John Donne was born in London, the son of a wealthy ironmonger and the maternal grandson of the playwright John Heywood. Brought up a Catholic, he was educated at Oxford, leaving without a degree to avoid taking the Oath of Supremacy, although he later converted to the Church of England. He trained as a lawyer at Lincoln's Inn where he became notorious for his wit and high living and in 1596 sailed as a volunteer with the Earl of Essex and Raleigh on the Cadiz expedition.
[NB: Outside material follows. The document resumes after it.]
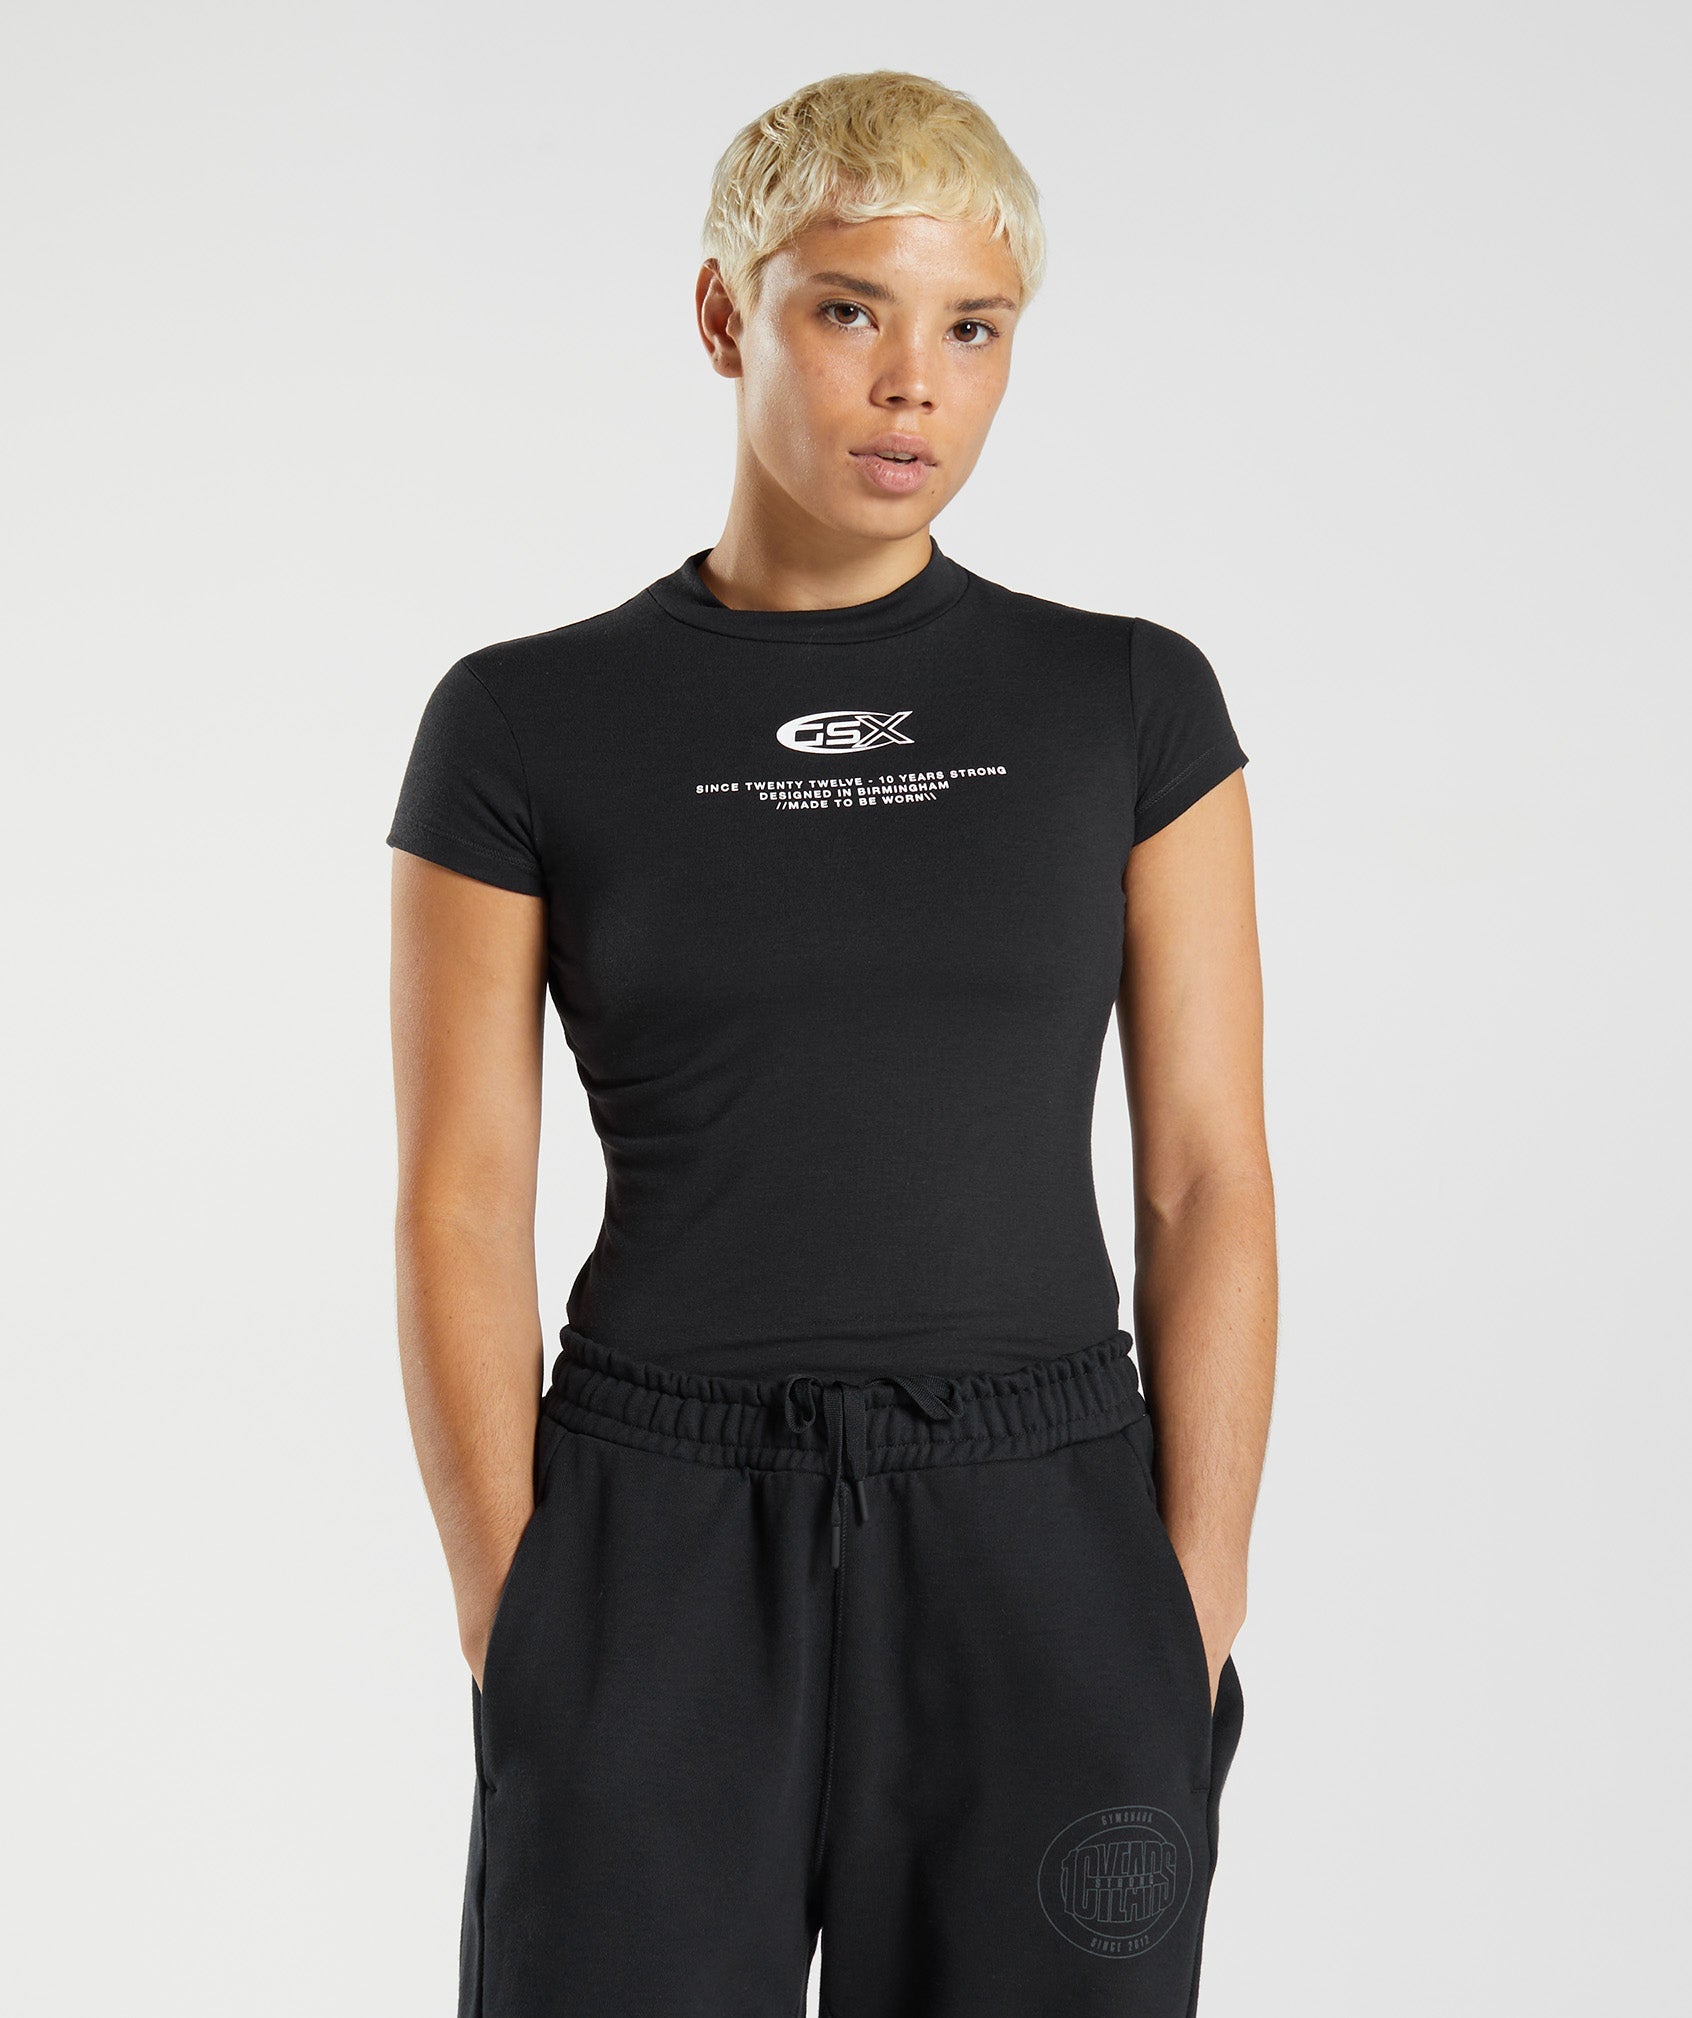 Gymshark GS10 Year Body Fit T-Shirt - Black | Gymshark
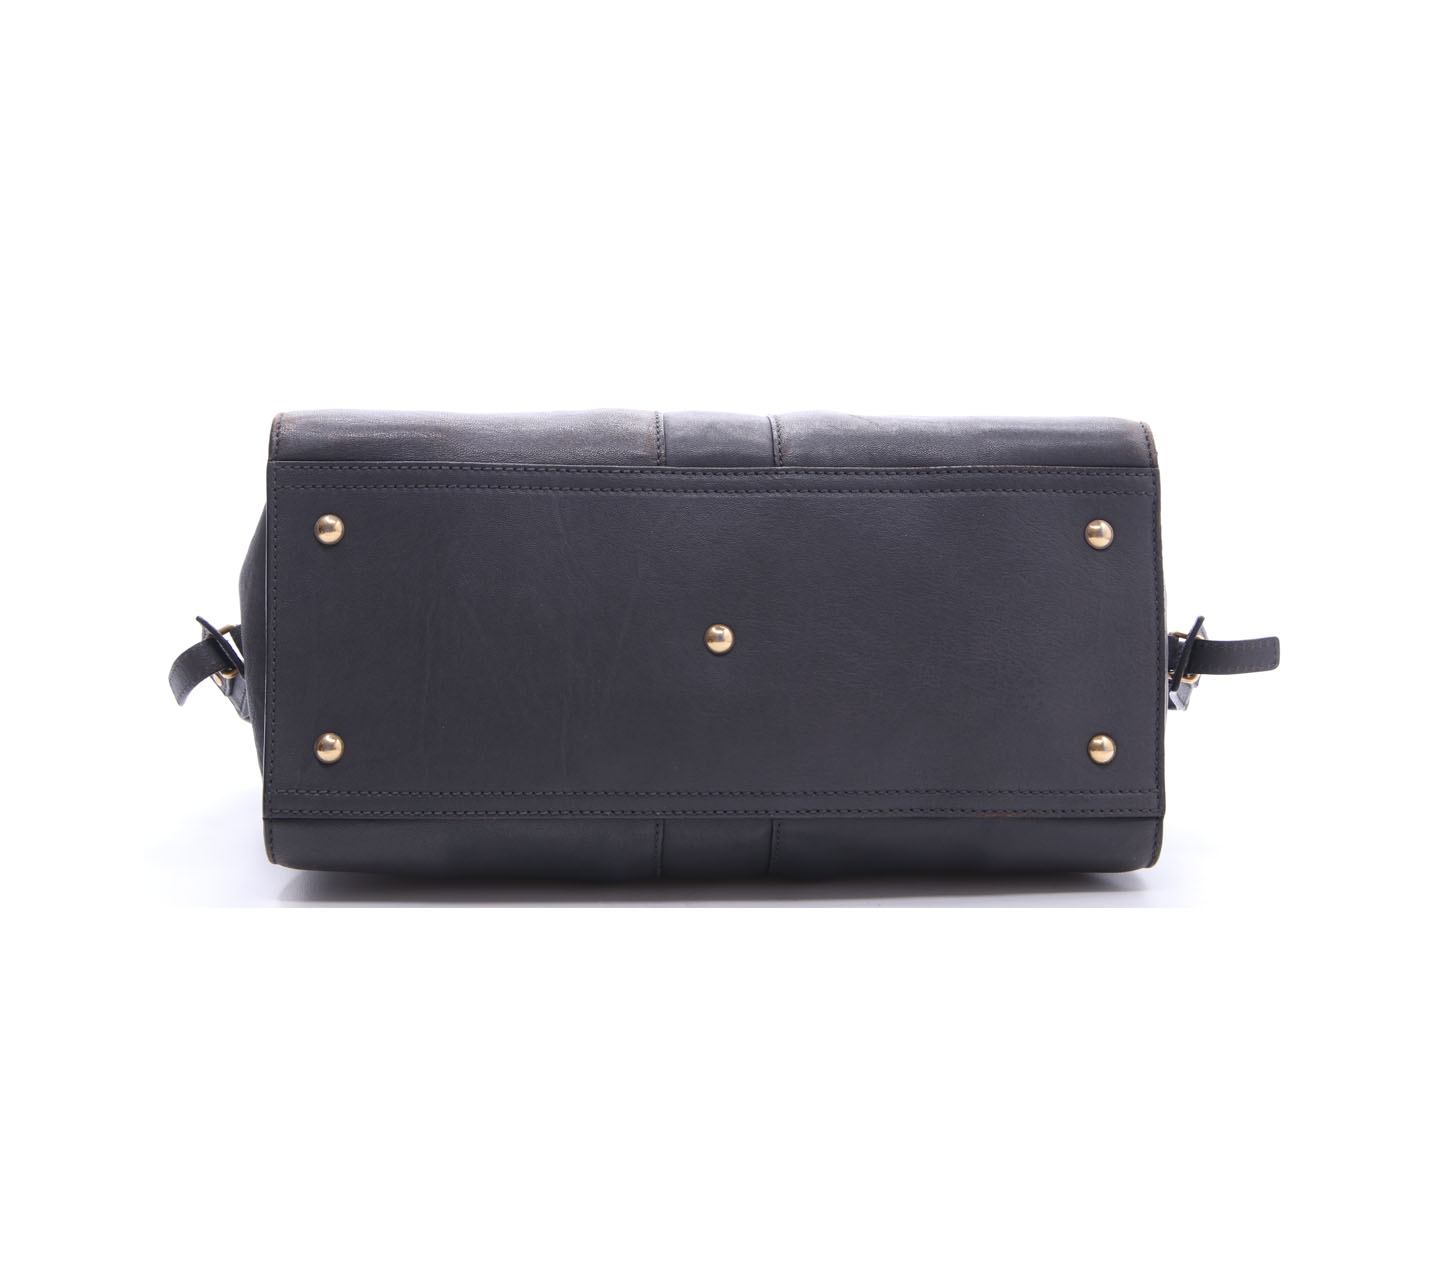 Yves Saint Laurent Grey Sheepskin Leather Large Cabas Handbag

Appointed on his return as chief secretary to Sir Thomas Egerton, the Keeper of the Great Seal, he was subsequently dismissed and briefly imprisoned following the discovery of his secret illicit marriage to his employer's 17-year old niece, Ann Moore, with whom he went on to have 12 children. After some impoverished and soul-searching years, he took Holy Orders in 1615, ultimately becoming Dean of St. Paul's in 1621, in which capacity he delivered many notable sermons.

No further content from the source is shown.